Does this property pencil as a BRRRR?
Short answer: BRRRR = Buy, Rehab, Rent, Refinance, Repeat. Enter purchase, rehab, ARV and refi LTV to see recycled capital, trapped capital and post-refi Cash-on-Cash Return.
Formula
Recycled Capital = (ARV × Refi LTV) − (Purchase + Rehab)
Recycled capital
$15,000
Cash you can pull out at refinance vs. cash invested.
Trapped capital
$0
Cash-on-Cash on trapped capital: ∞ (infinite return)
Refi proceeds
$240,000
Post-refi equity
$80,000
How to use this calculator
- Enter purchase price. Distressed or off-market purchase price.
- Enter rehab cost. Realistic rehab budget including 10–15% contingency.
- Enter ARV (after-repair value). Independently appraised value after the rehab, based on comparable sales.
- Enter refinance LTV. 70–75% is typical for cash-out refinance on U.S. investment properties.
- Read recycled capital. The cash pulled out at refinance minus the cash you put in — your recyclable capital for the next deal.
FAQ
What is the BRRRR strategy?
BRRRR stands for Buy, Rehab, Rent, Refinance, Repeat. The investor buys a distressed property with cash or short-term financing, renovates it, rents it out, then refinances based on the after-repair value (ARV) to pull out most of their original capital and repeat the cycle.
What percentage of ARV can you typically cash-out refinance?
Most U.S. lenders will refinance 70–75% of the ARV on an investment property.
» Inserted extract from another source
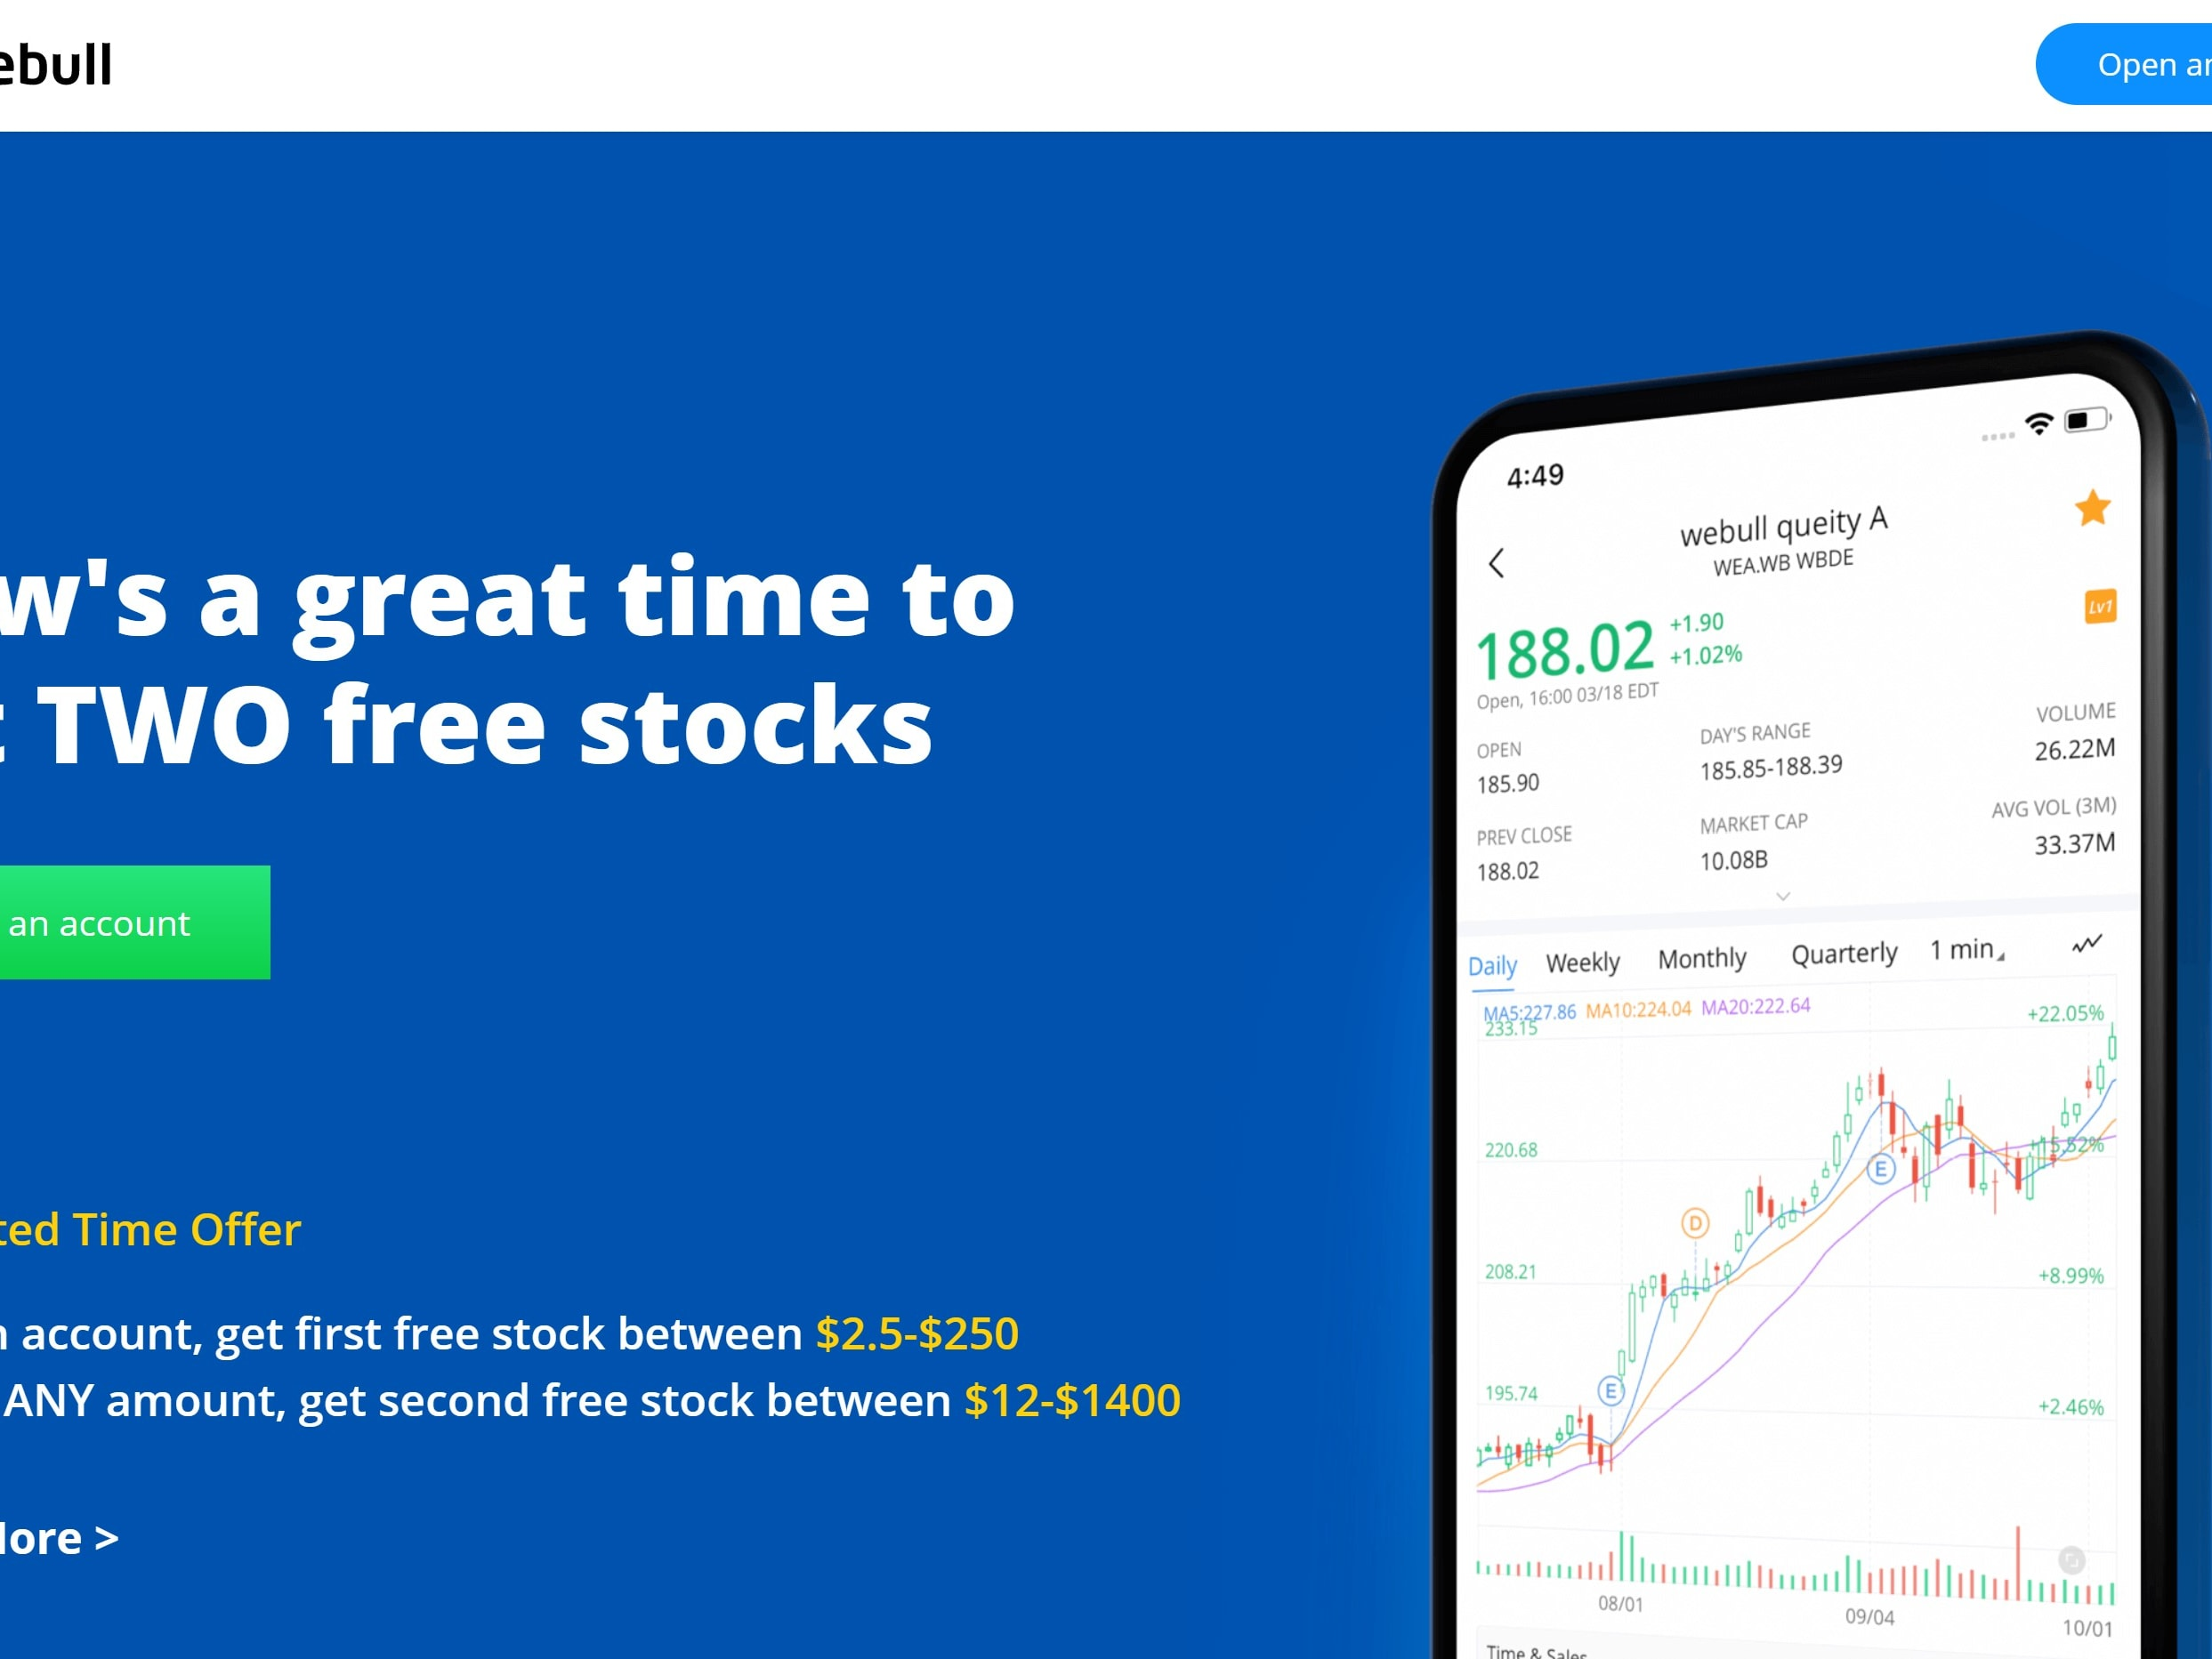 Earn 4 free shares on webull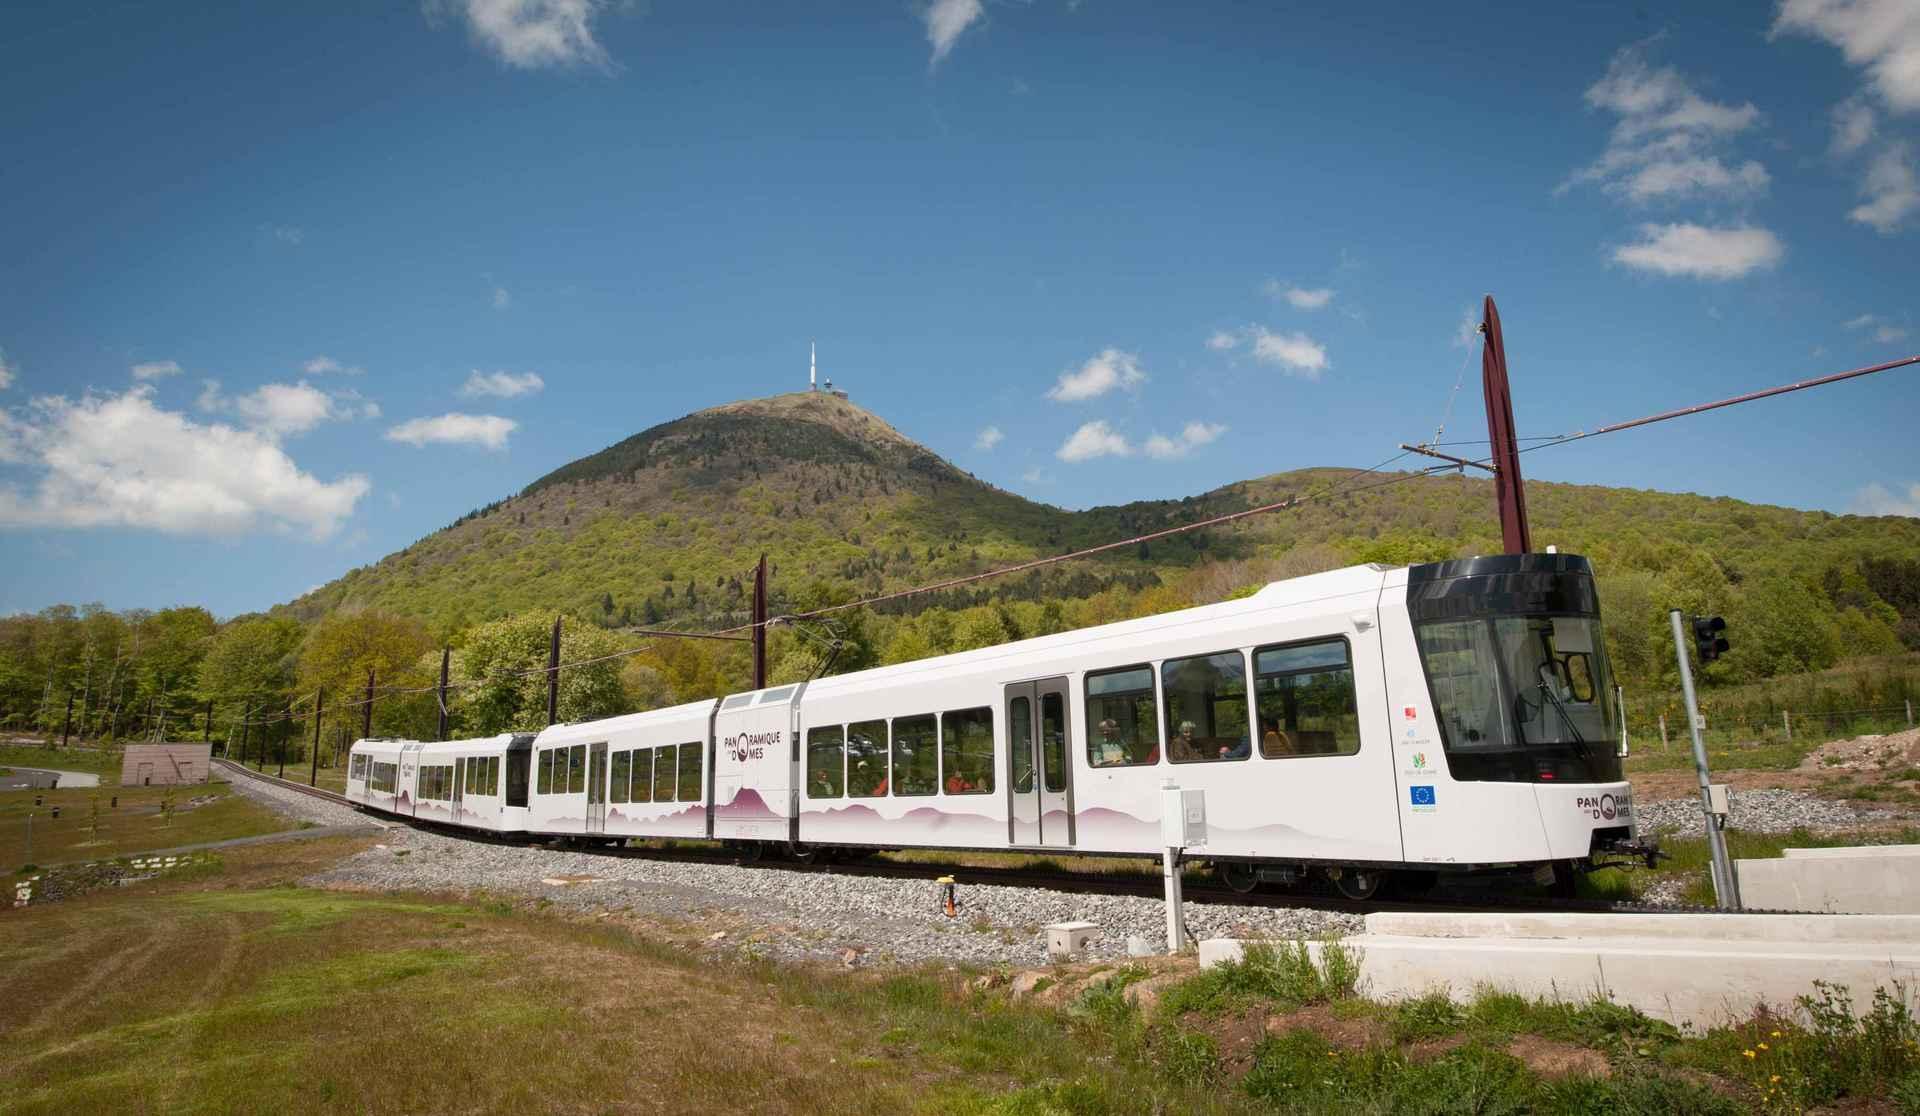 「chaine des puys Train」の画像検索結果

VA and FHA loans don’t apply here — BRRRR uses conventional DSCR or commercial investor loans.
What is a successful BRRRR result?
A textbook "infinite return" BRRRR pulls out 100% of the original cash invested at refinance. In practice, pulling out 80–95% is considered strong and still leaves a cash-flowing rental with minimal trapped capital.